Wednesday, July 25, 2007


I had been mulling a post about foreshadowing -- letting the reader know what's coming. It is often a rather clumsy way to heighten the tension in a story .... "John enjoyed his dinner, not knowing that disaster was waiting...."

Ho, hum.

But for some stories, the ending is known already -- familiar tales such as that of King Arthur and Guenevere. We read new novels on these themes partly to see how a new writer will interpret the old story, much as Shakespeare buffs compare different interpretations by various actors and directors.

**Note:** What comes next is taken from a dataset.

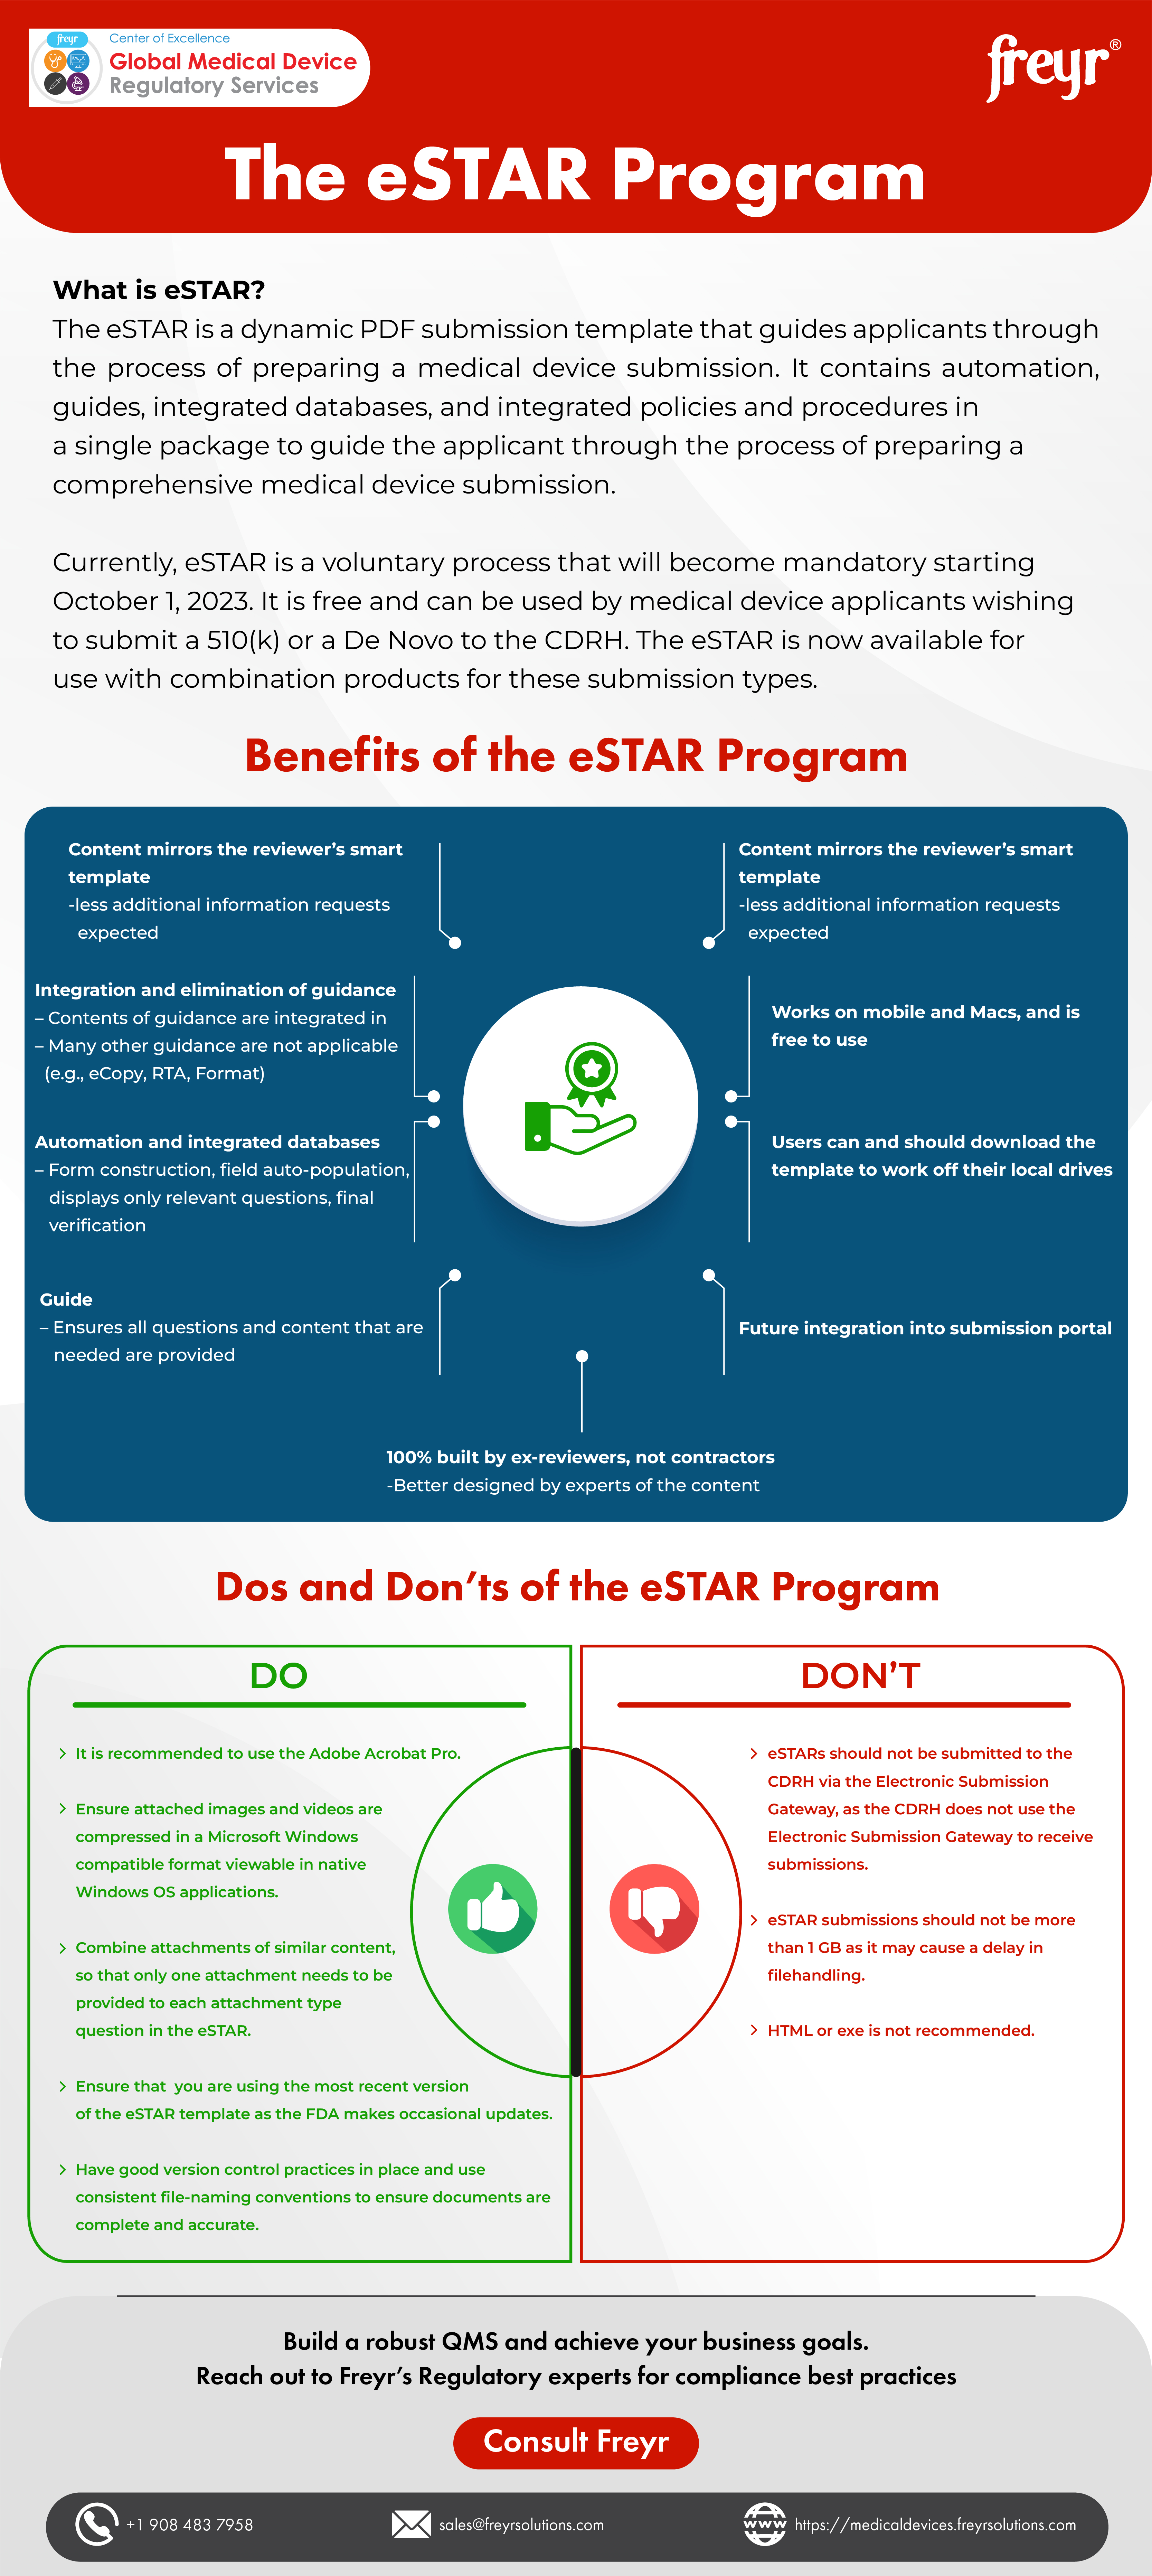 The eStar Program
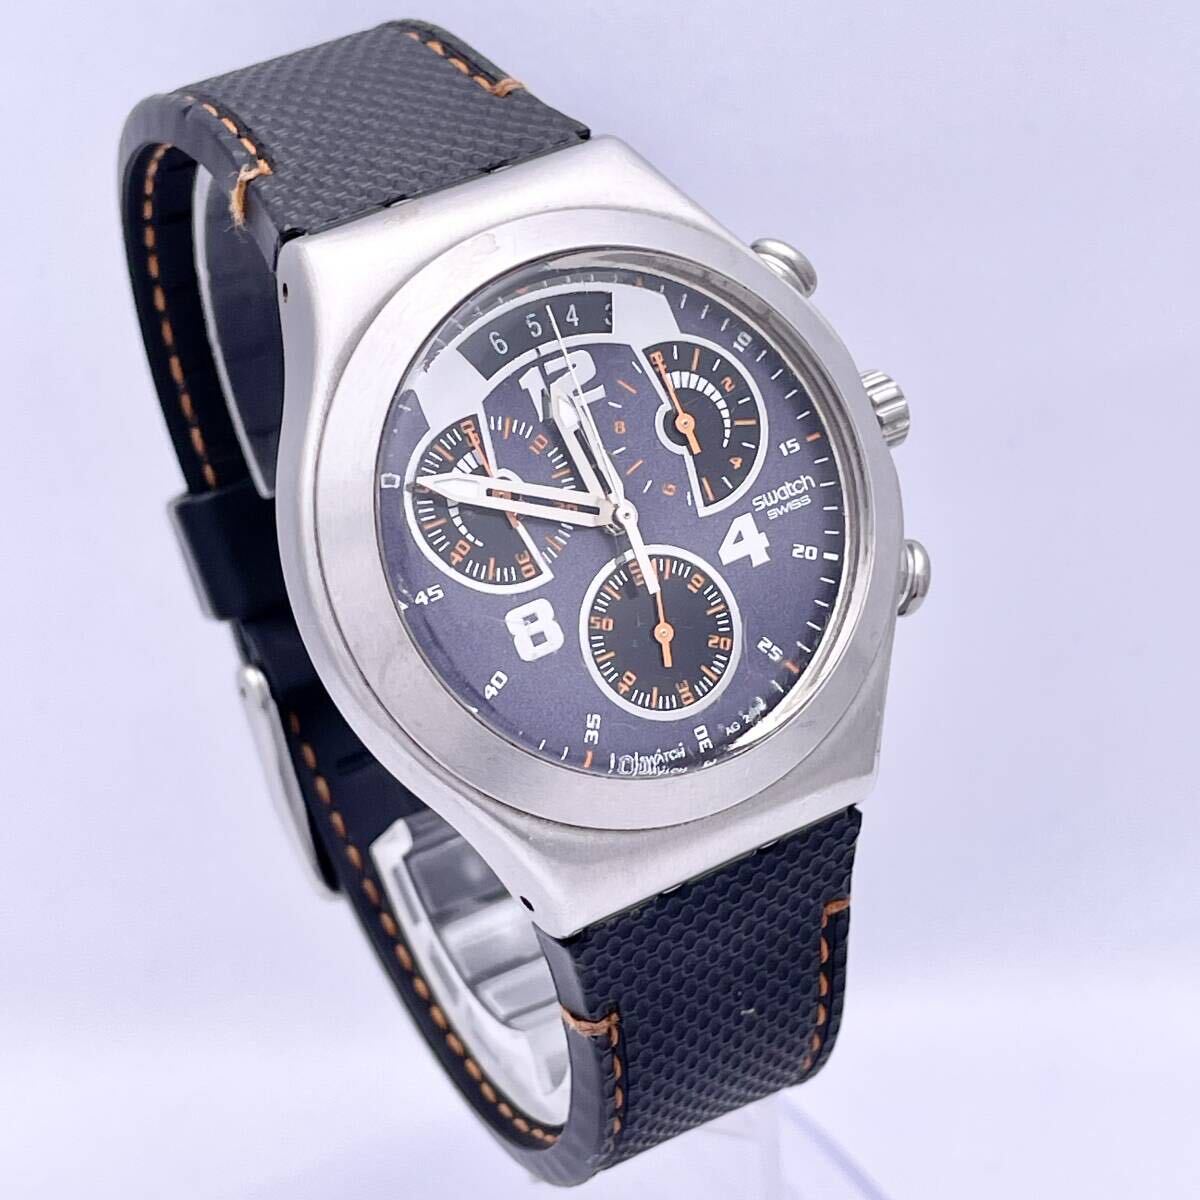 SWATCH Swatch IRONY Irony наручные часы часы кварц quartz SWISS MADE Швейцария производства 4 JEWELS 4 камень серебряный серебряный P260

And recently I listened to the audiobook version of "Brokeback Mountain". Thanks to its Oscar victory, I doubt there's any who doesn't have at least an inkling of the plot. But I was quite struck by the way the author begins with a skillful foreshadowing of the doom awaiting the characters. By the time the first paragraph is over, we know the story will be about the friendship between two men -- maybe even more than friendship. Since the tale might be unpleasant to some, they can shut the book, turn off the audiotape, right then, and avoid anything they might consider offensive. (And others may stop reading right after Ennis pees in the kitchen sink.) But for the rest of her readers, it simply sets the tone: this story is epic, and parts of it will be sad. Against this backdrop, the rest of the story, with its recounting of brief times spent in country high and beautiful, is highlighted and enlarged. Wow!